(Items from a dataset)
========================================================================
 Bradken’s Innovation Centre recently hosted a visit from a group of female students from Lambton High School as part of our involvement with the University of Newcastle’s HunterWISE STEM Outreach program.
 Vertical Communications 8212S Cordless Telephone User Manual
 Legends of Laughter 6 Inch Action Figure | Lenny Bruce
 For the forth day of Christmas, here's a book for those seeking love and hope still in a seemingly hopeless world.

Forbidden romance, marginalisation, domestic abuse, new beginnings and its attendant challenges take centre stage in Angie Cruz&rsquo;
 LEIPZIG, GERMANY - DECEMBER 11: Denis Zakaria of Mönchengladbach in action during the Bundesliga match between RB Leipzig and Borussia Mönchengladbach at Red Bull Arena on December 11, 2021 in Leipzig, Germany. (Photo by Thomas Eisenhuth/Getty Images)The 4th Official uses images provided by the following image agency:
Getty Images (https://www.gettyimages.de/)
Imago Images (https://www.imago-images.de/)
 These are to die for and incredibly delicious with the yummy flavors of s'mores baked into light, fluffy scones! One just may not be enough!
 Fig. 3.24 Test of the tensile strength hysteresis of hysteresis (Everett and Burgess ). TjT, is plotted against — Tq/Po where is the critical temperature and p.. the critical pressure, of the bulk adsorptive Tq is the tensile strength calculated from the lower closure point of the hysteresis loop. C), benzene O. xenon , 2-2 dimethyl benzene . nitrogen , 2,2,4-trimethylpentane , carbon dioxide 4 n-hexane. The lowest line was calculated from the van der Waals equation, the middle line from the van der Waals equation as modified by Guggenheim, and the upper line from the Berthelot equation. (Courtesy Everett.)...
========================================================================
→ ASSIGNMENT: Take the lines from the start of the records through the line holding "LEIPZIG, GERMANY - DECEMBER", both included, and please print them exactly, with nothing else.

→ PROBLEM SOLUTION:
 Bradken’s Innovation Centre recently hosted a visit from a group of female students from Lambton High School as part of our involvement with the University of Newcastle’s HunterWISE STEM Outreach program.
 Vertical Communications 8212S Cordless Telephone User Manual
 Legends of Laughter 6 Inch Action Figure | Lenny Bruce
 For the forth day of Christmas, here's a book for those seeking love and hope still in a seemingly hopeless world.

Forbidden romance, marginalisation, domestic abuse, new beginnings and its attendant challenges take centre stage in Angie Cruz&rsquo;
 LEIPZIG, GERMANY - DECEMBER 11: Denis Zakaria of Mönchengladbach in action during the Bundesliga match between RB Leipzig and Borussia Mönchengladbach at Red Bull Arena on December 11, 2021 in Leipzig, Germany. (Photo by Thomas Eisenhuth/Getty Images)The 4th Official uses images provided by the following image agency:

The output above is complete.